Таежная богиня - Николай Гарин
Шрифт:
Интервал:
Закладка:
— Правильно, правильно, — вдруг ответил за Никиту гость и махнул рукой, приглашая вихрастого пройти в комнату. — Как вас зовут, юноша?
— Стас!
— Послушайте, милый Стасик, — гость красивым движением достал из внутреннего кармана пухлый бумажник, двумя пальцами извлек из него голубоватую купюру и протянул Стасику, — сходите-ка, милый человек, да купите бутылочку “Арарата”, да в три звезды, дорогой, непременно в три.
— Но я...
— А сдачу оставите себе. Да, и шоколадку не забудьте...
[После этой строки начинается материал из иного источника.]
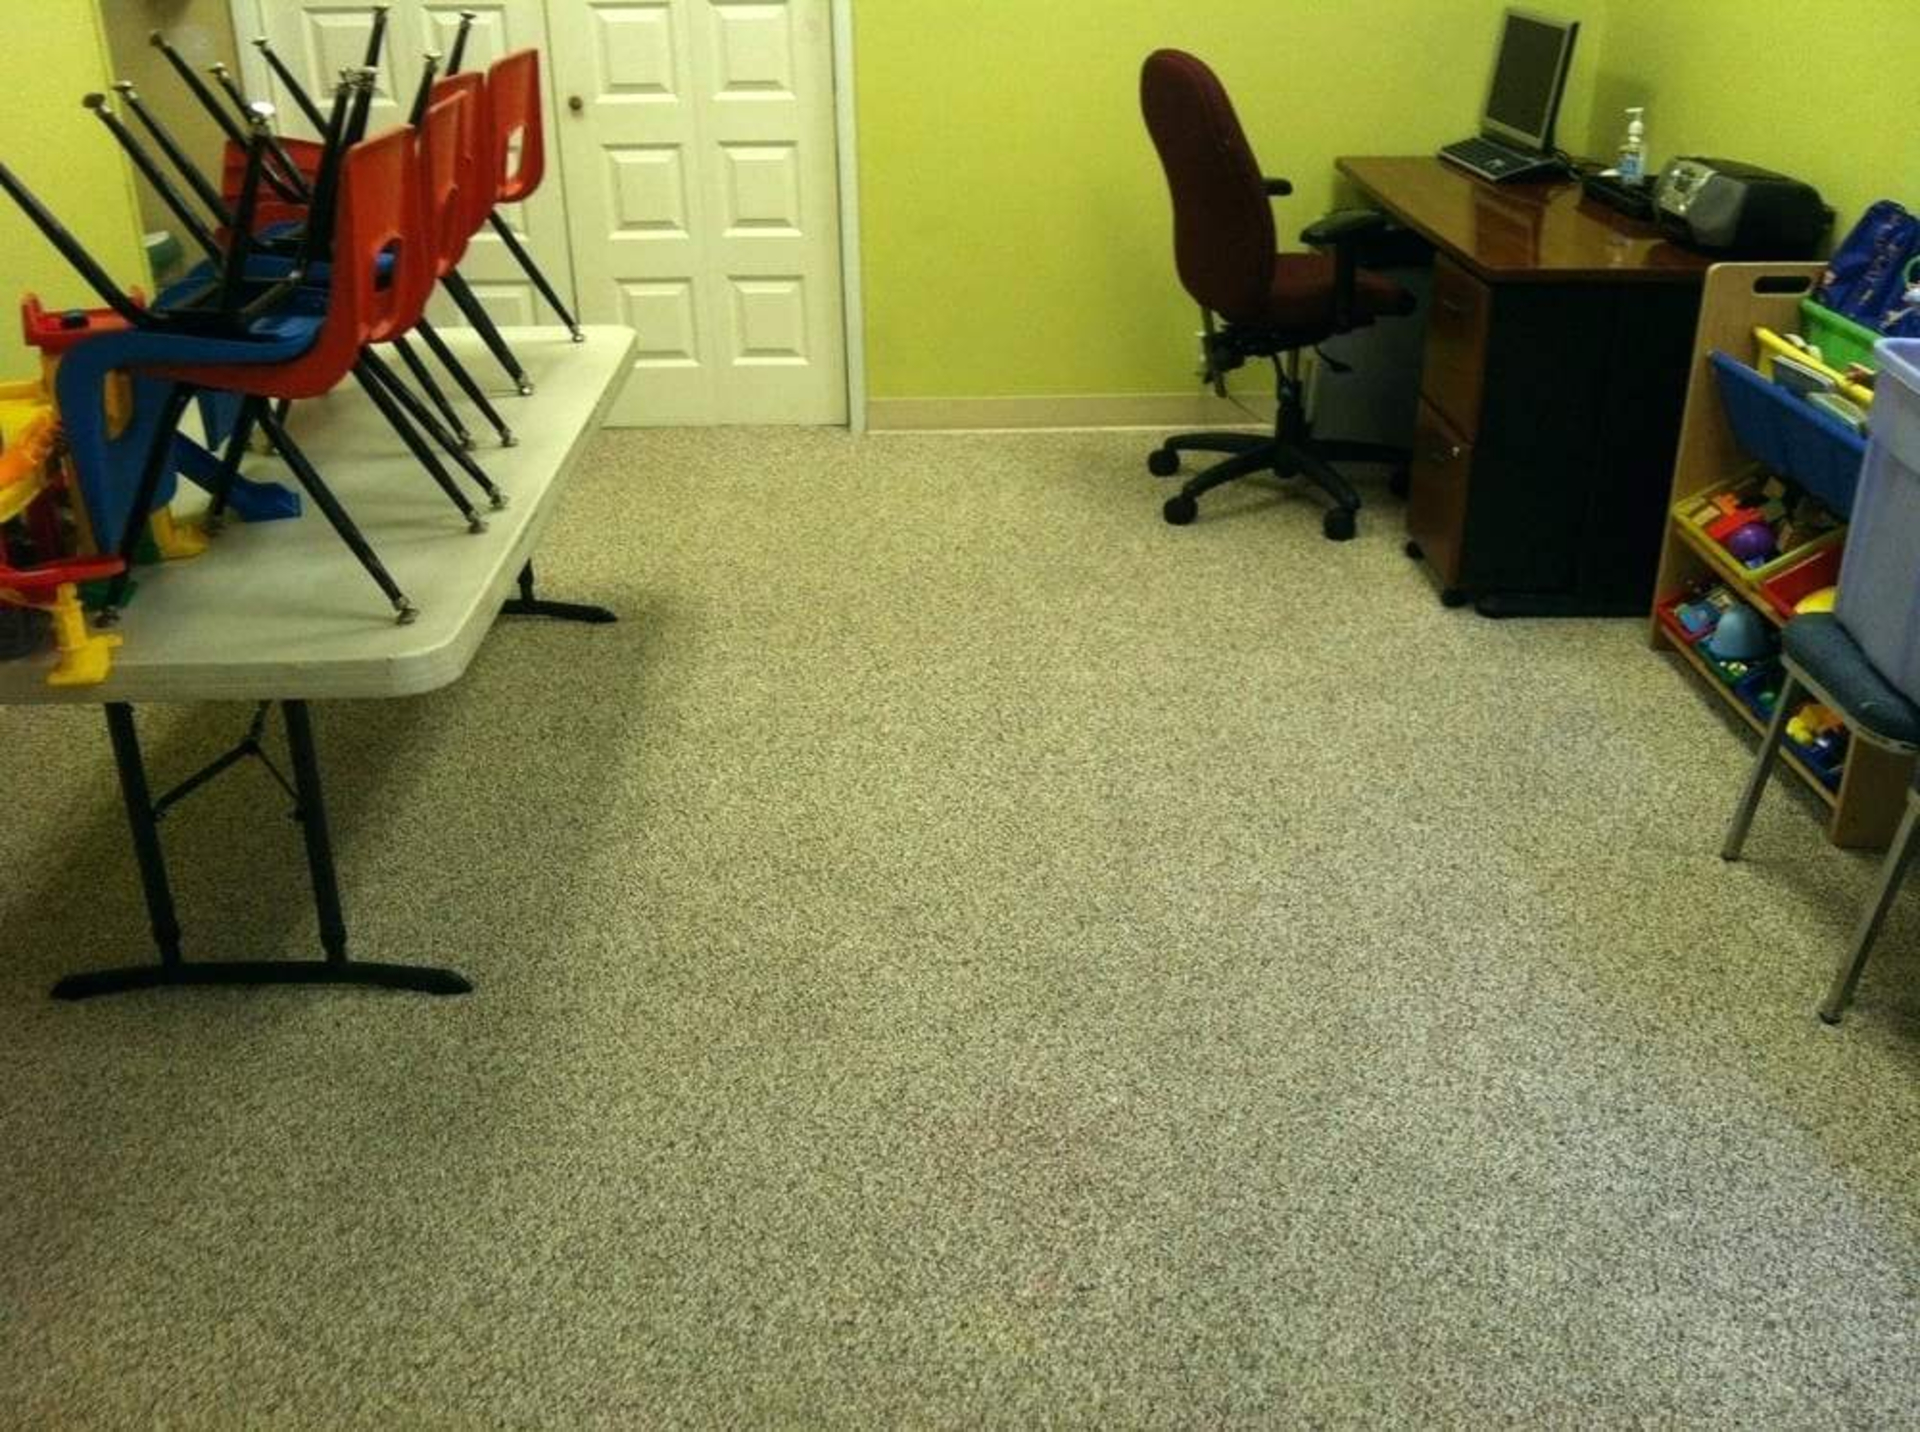 Other Methods Orange County Carpet Cleaning Wants To Share image

Гость так светился добротой и щедростью, что Стасик покорно кивнул и, выхватив денежку, исчез.
— Ну, а теперь главное, дорогой Никита, — торжественно, склонив голову набок, как на поминках, проговорил гость. Он снова полез в бумажник, и на стол легли пять стодолларовых банкнот, — здесь пятьсот.
— Оп-па! — вырвалось у Никиты. Не долив стакан, он поставил бутылку и уставился на деньги.
— Я, мой милый Никита, покупаю вашу дипломную работу, — сказал гость и горделиво вскинул голову, точно совершал благороднейший поступок.
Никита продолжал смотреть на деньги. В переводе на рубли это была приличная сумма для студента.
— Это за тройку-то?!
— За нее, милый, за нее...
— Странно, оччень стран-но, не находите?! — Никита снова взялся за бутылку.
— Нисколько... — гость скосил глаза на хозяина комнаты. Он долго с каким-то то ли сомнением, то ли подозрением разглядывал Никиту, точно собираясь еще что-то сказать, но вдруг снова достал бумажник, и к первым пяти купюрам добавилось еще пять того же достоинства.
— Уважаю тех, кто знает себе цену, — с той же торжественной ноткой проговорил гость. — Это, надеюсь, должно вас утешить? Не правда ли? — Он откинулся на спинку стула, наблюдая за произведенным эффектом.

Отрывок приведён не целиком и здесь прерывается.